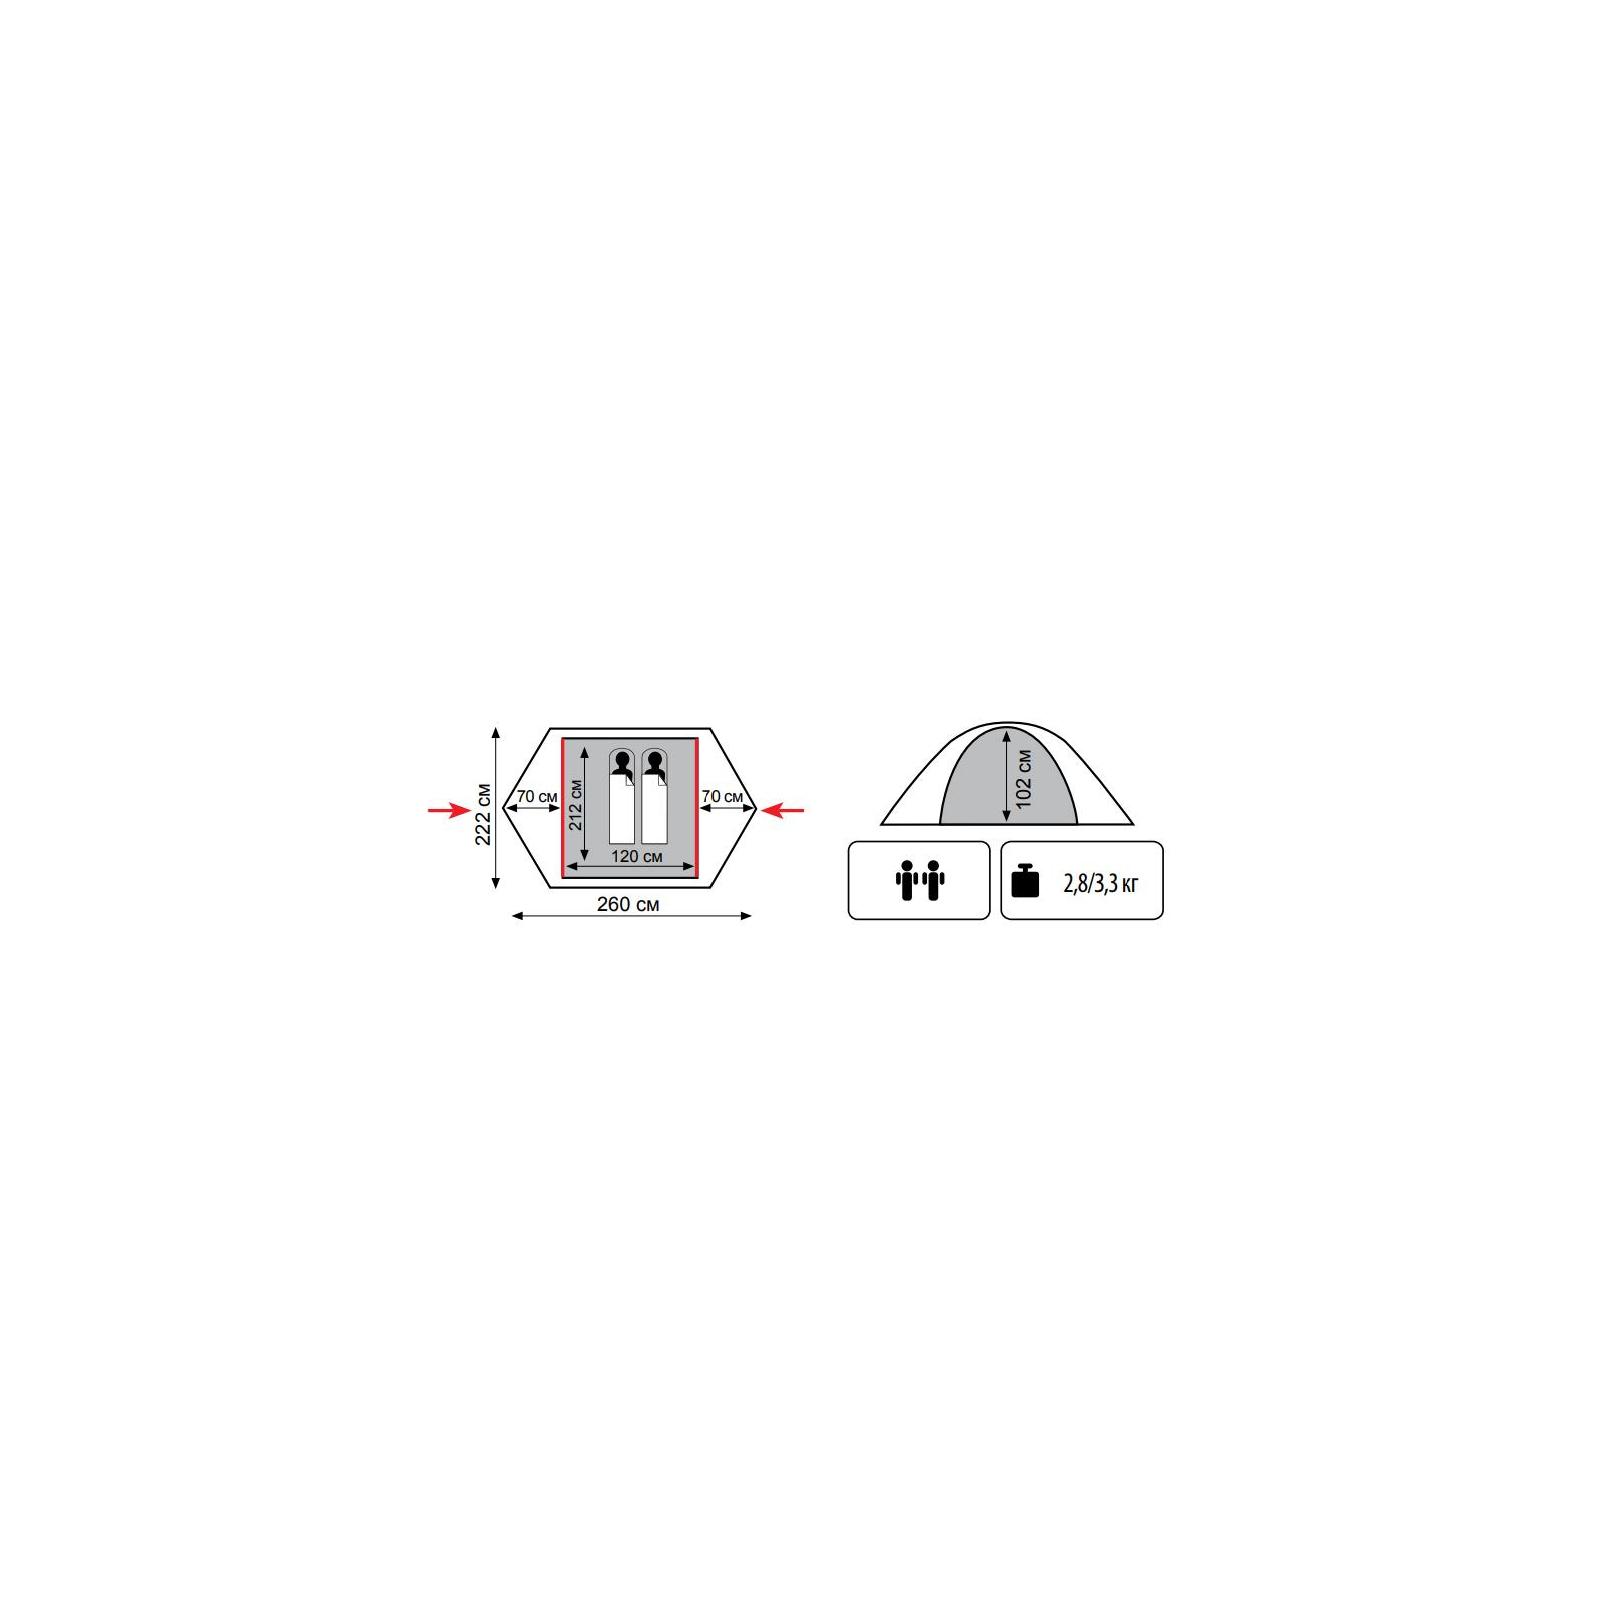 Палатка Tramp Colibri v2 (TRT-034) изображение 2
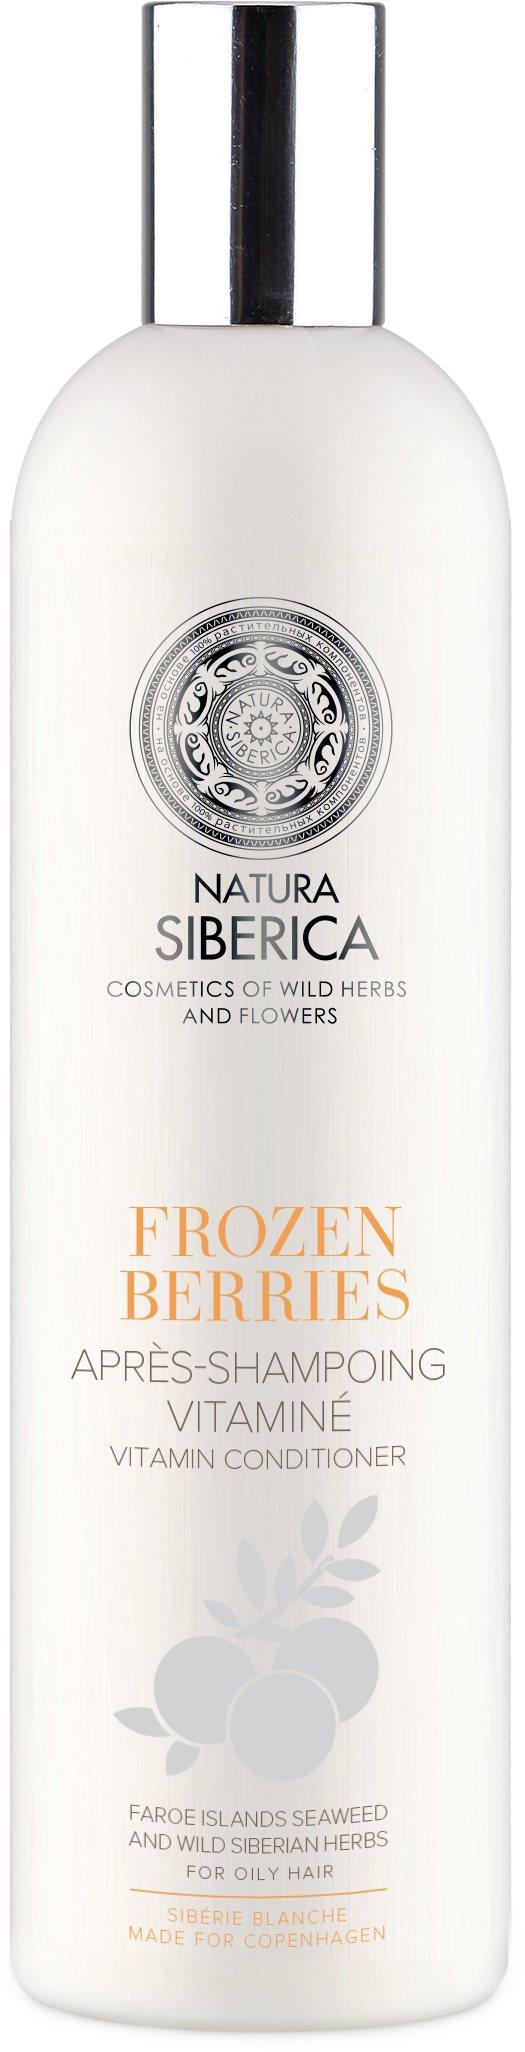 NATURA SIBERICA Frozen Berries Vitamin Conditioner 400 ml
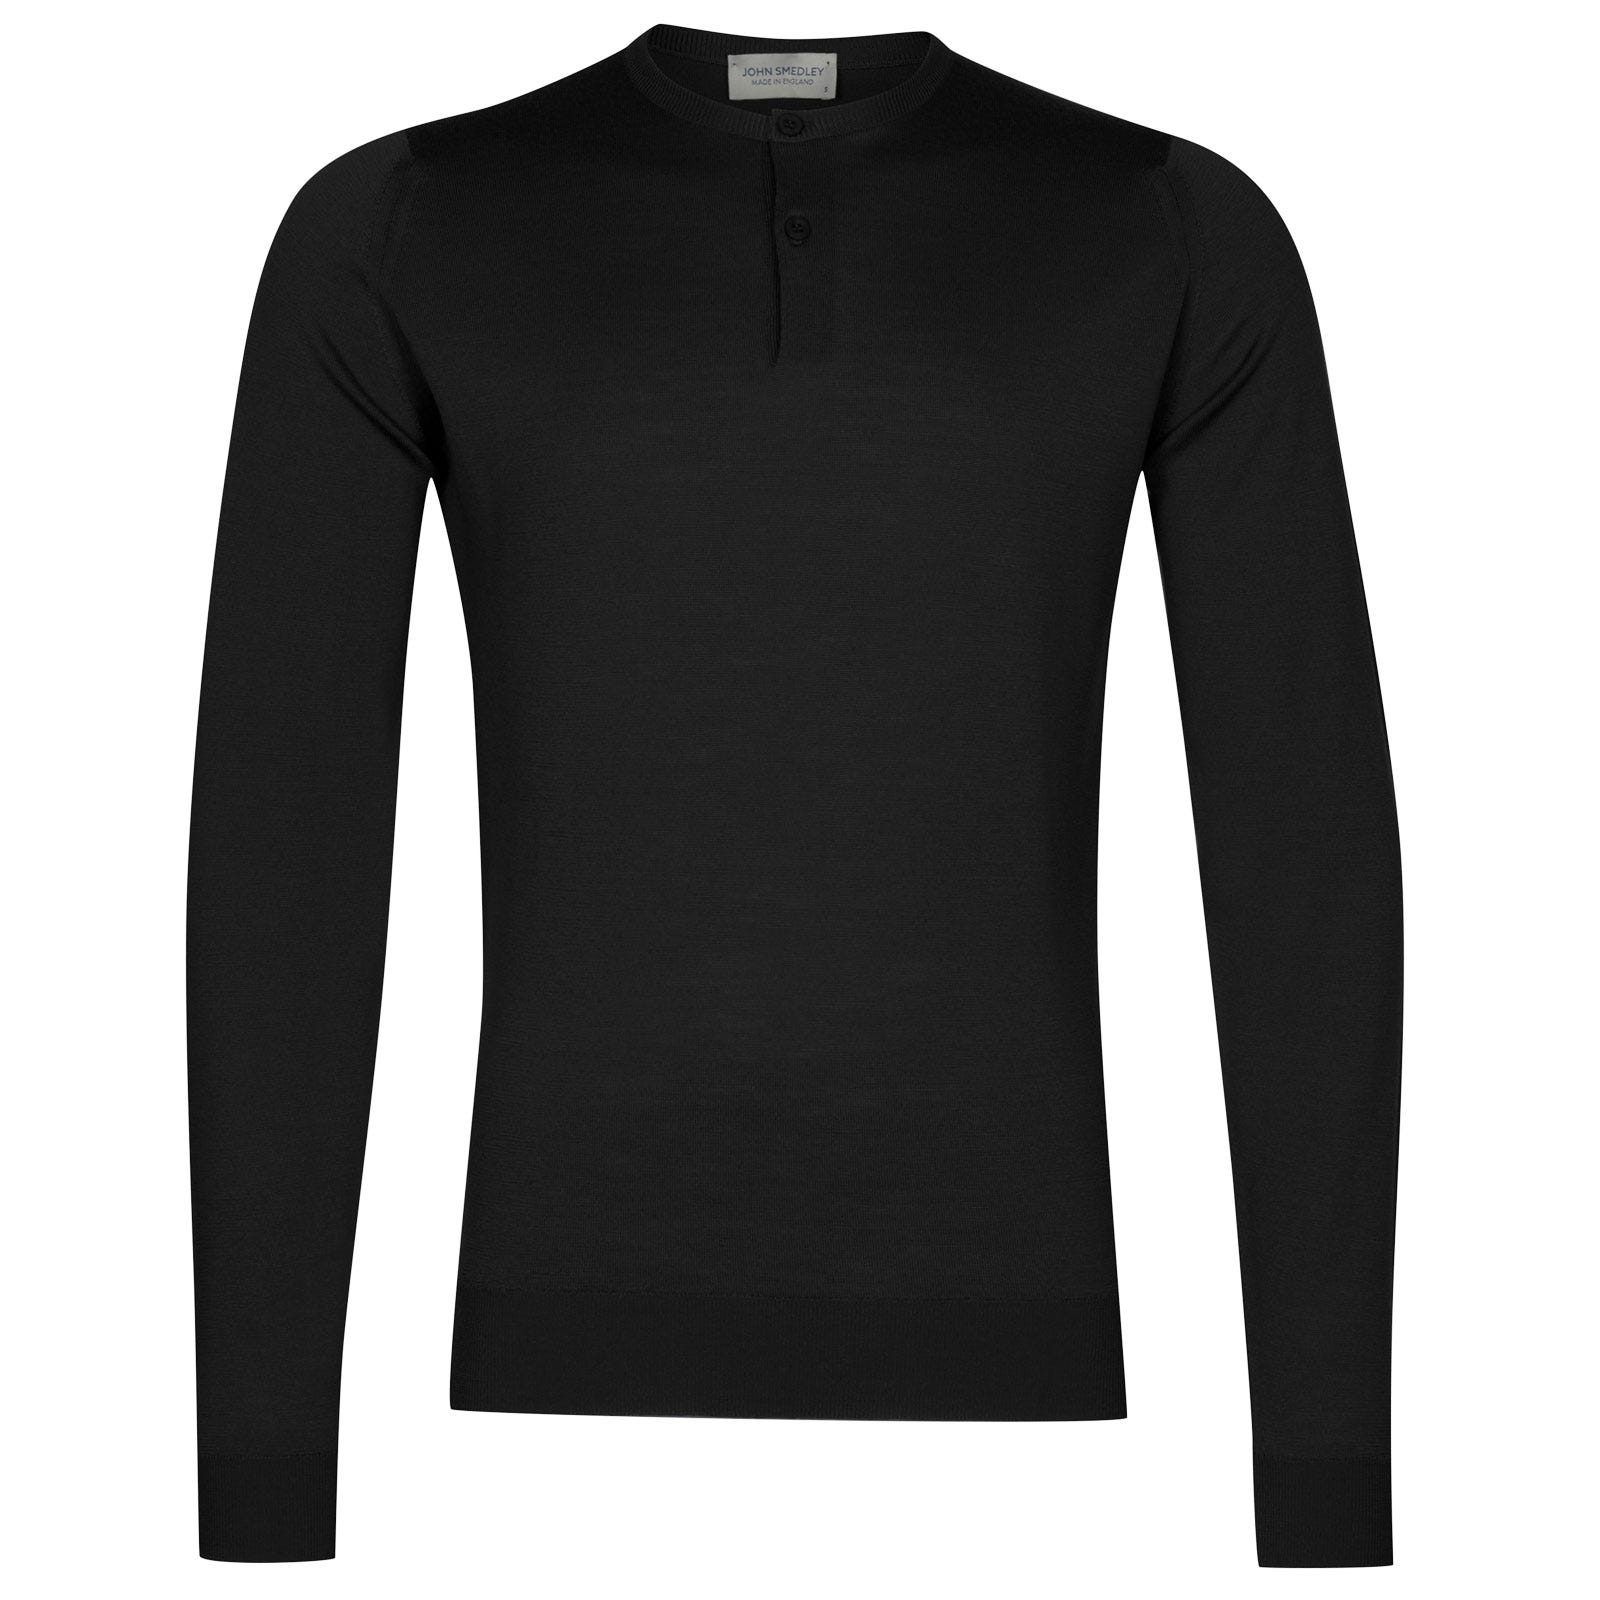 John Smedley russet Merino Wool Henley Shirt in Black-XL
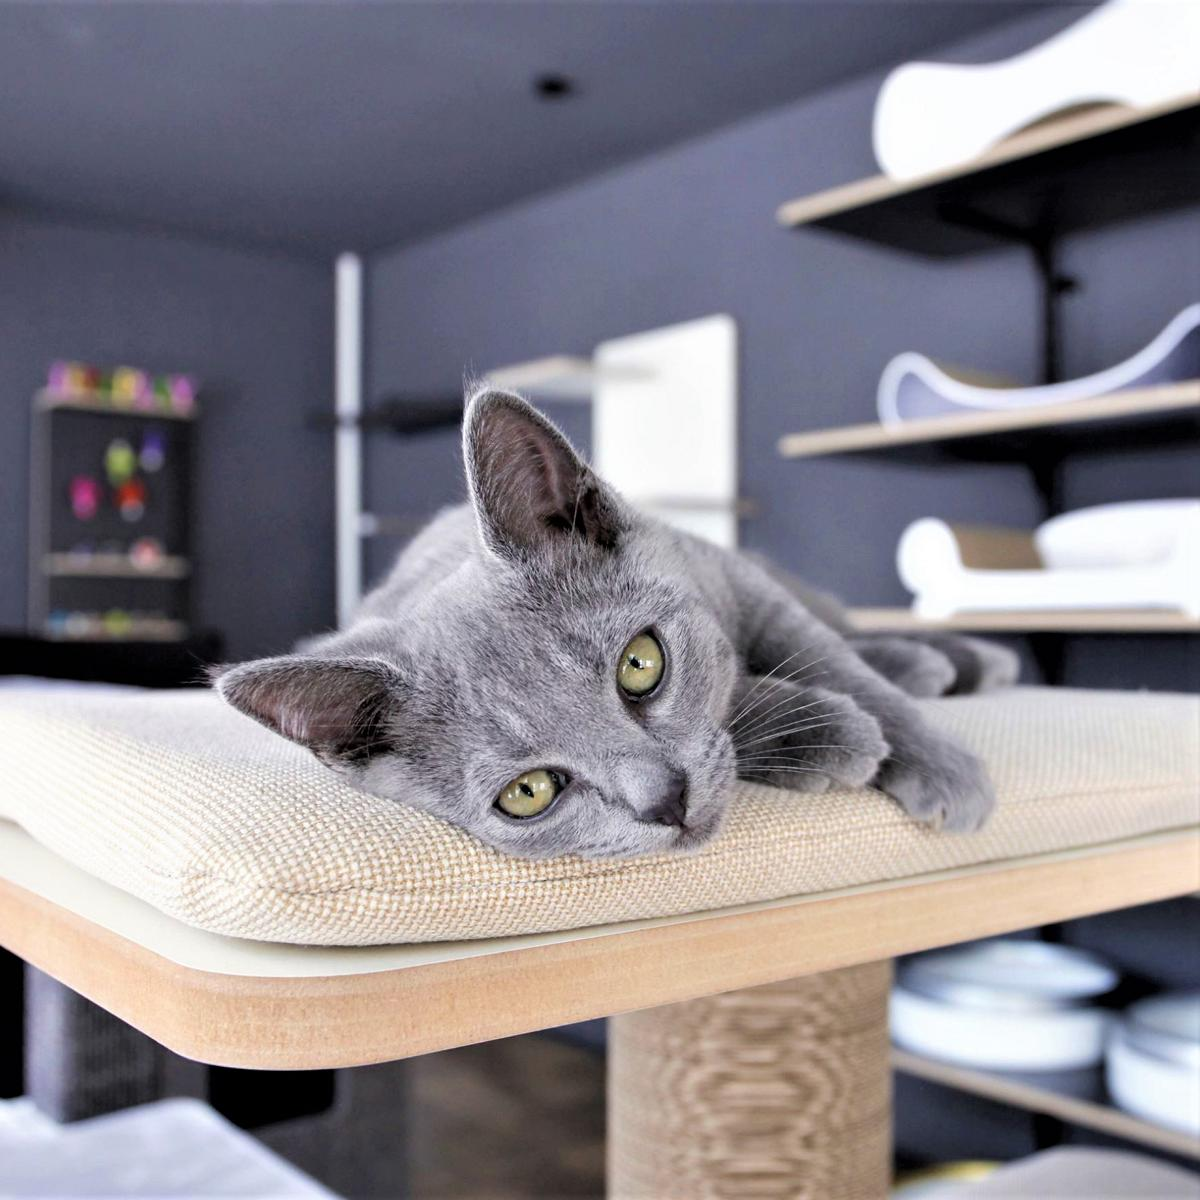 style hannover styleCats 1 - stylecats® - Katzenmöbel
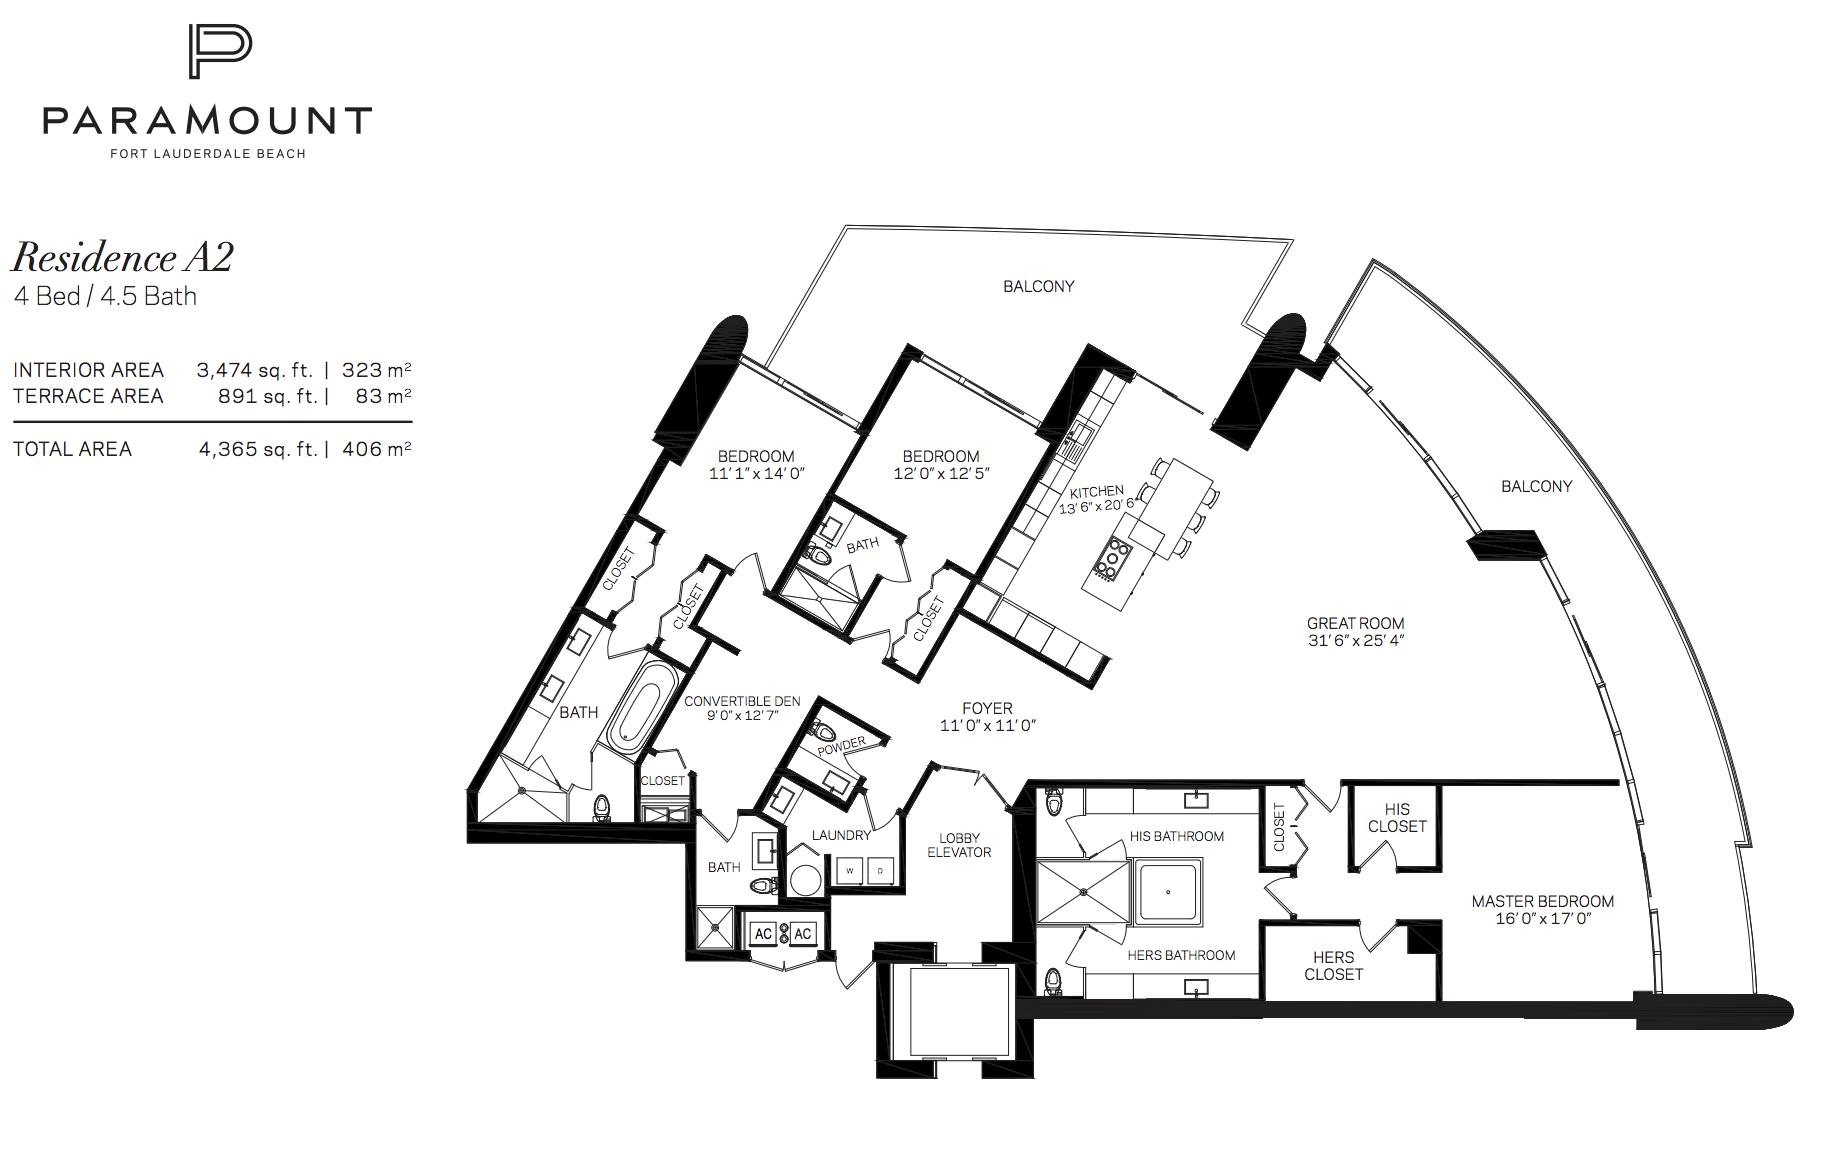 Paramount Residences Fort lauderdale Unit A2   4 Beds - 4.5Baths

—————

• Problem to work on
Working from the material above, transcribe it exactly while omitting pictures.

• Answer area
 Палатка Tramp Colibri v2 (TRT-034) изображение 2
 NATURA SIBERICA Frozen Berries Vitamin Conditioner 400 ml
 John Smedley russet Merino Wool Henley Shirt in Black-XL
 style hannover styleCats 1 - stylecats® - Katzenmöbel
 Paramount Residences Fort lauderdale Unit A2   4 Beds - 4.5Baths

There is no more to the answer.